Достигнув на этой стоянке полноты своего духовного роста, мистик уже не нуждается в медитации над последней латифа, поскольку теперь он сам является ”Мохаммадом своего существа”. Здесь мы можем осознать значение, которое приобретает у Семнани теофанический образ, знакомый нам из данного исследования над различными именами, — образ, который определяется им самим как остад гайби, личный и сверхчувственный учитель и водитель. Этот образ соответствует фигуре Вожатого (шейх аль-гайб), ”свидетеля в Небесах”, о котором свидетельствуют видения Наджма Кобра. Семнани исподволь подчеркивает его роль и постоянное участие: ”Подобно тому, — пишет он, — как наличие хорошего физического слуха есть необходимое условие того, чтобы слушатель мог внять экзотерике Корана и получить тафсир от своего внешнего и видимого наставника (остад шахади), так и целостность сердца, неповреждённость внутреннего слуха необходимы вдохновенному богоискателю (мольхам), чтобы он внять эзотерике Корана и получить тавил от своего внутреннего, сверхчувственного наставника (остад гайби).
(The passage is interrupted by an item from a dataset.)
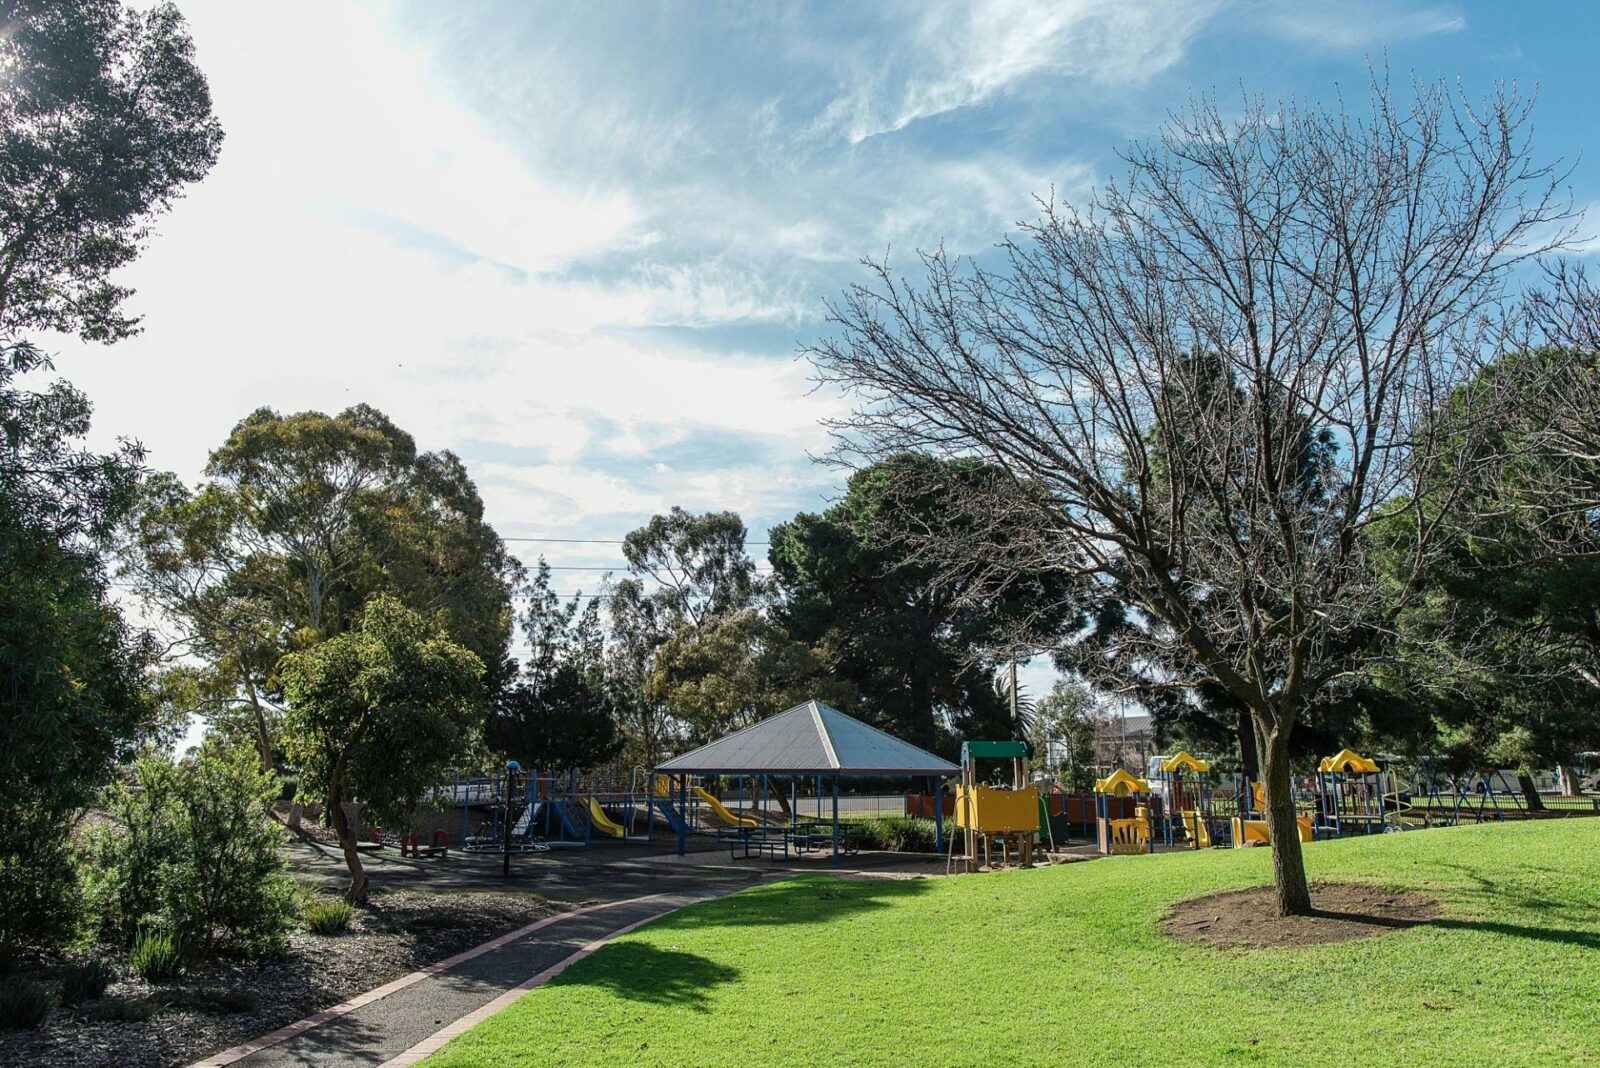 denise-norton-park-playground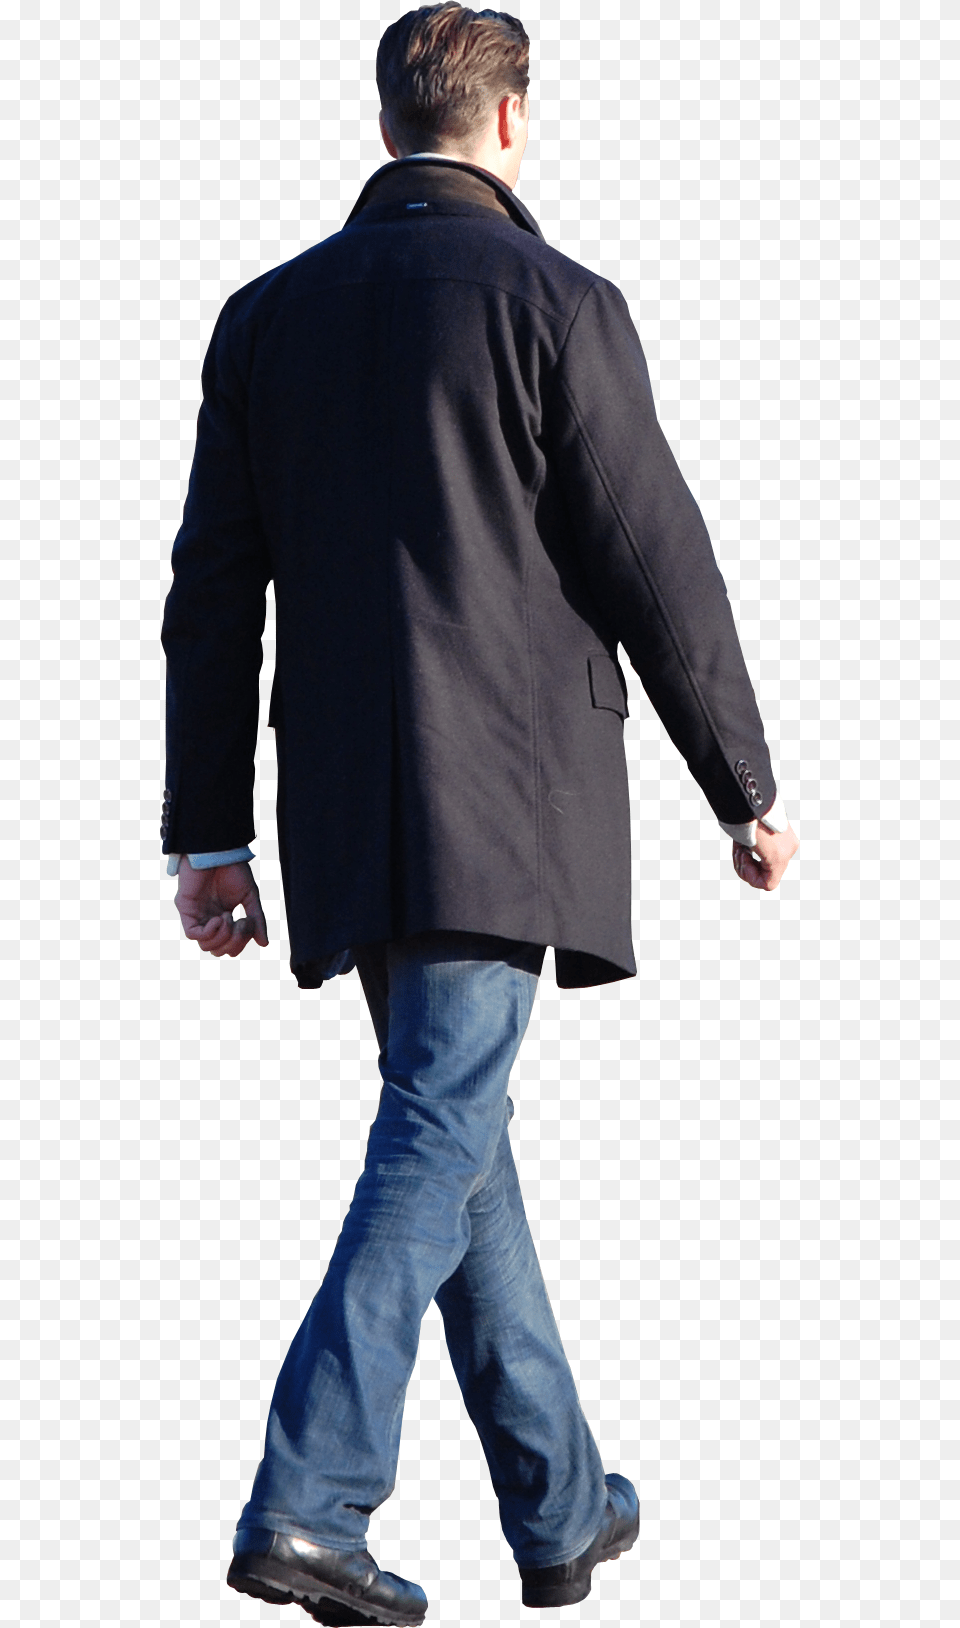 Man Walking Man Walking Behind The Walking Man, Person, Clothing, Coat, Pants Free Png Download

Этот столь ”плотный” в смысловом отношении текст говорит нам о том, что отношение вдохновенного мистика к своему остад гайби таково же, как и отношение Мухаммада к Святому Духу, который был неотделим от него, так же как и от Иисуса. Вот почему наивысшая латифа тонкого организма равным образом соотносится с ”Лотосом Крайнего Предела” — того Предела, где Пророку предстал в раю ангел Джибраил (53:14), и вот почему превосходство зелёного цвета, возвещающего о достижении наивысшей мистической стоянки, оправдано намёком на рафраф, зелёную завесу увиденную Пророком во время первого явления Ангела,- она застилала небесный горизонт. Исходя из всего этого, можно понять, почему латифа, обозначается как ”Мухаммад твоего существа”, в другом своём аспекте может обозначаться как латифа джабра’элийя, ”ангел Джибраил твоего существа”. Латифа джабра’элийя с точки зрения мистика соотносится с Ангелом Откровения точно так же, как Совершенная Природа — с Ангелом человечества в герпетизме Сохраварди (см. выше, II, 1). Становится понятным также и то, почему столько мистиков — от Джалала Руми до Мир Дамада видело в обращённом к Мариам благовещании Джибраила — Святого Духа обращение к каждой душе, проникнутой мистицизмом. Но это ещё не всё: теофаническая фигура Ангела, считающегося в профетологии Ангелом Откровения, а в ”восточной теософии” ишракидов — Ангелом Познания, предстаёт здесь как Ангел духовного толкования, то есть того, кто раскрывает потаённый смысл предшествующих откровений, при условии, что внимающий ему мистик наделён ”слухом сердца”, ”небесным слухом” (малакути). В этом случае он способен выполнять духовную функцию (валайат), которая в шиизме принадлежит Имаму, толкователю эзотерического смысла; представляется, что только шиитскому суфизму полностью доступно такое понимание валайата. Но можно сказать, что духовность Семнани увенчивается радикальной интериоризацией как профетологии, так и имамологии. И уже одно это делает его истинным ”мохаммаданином”.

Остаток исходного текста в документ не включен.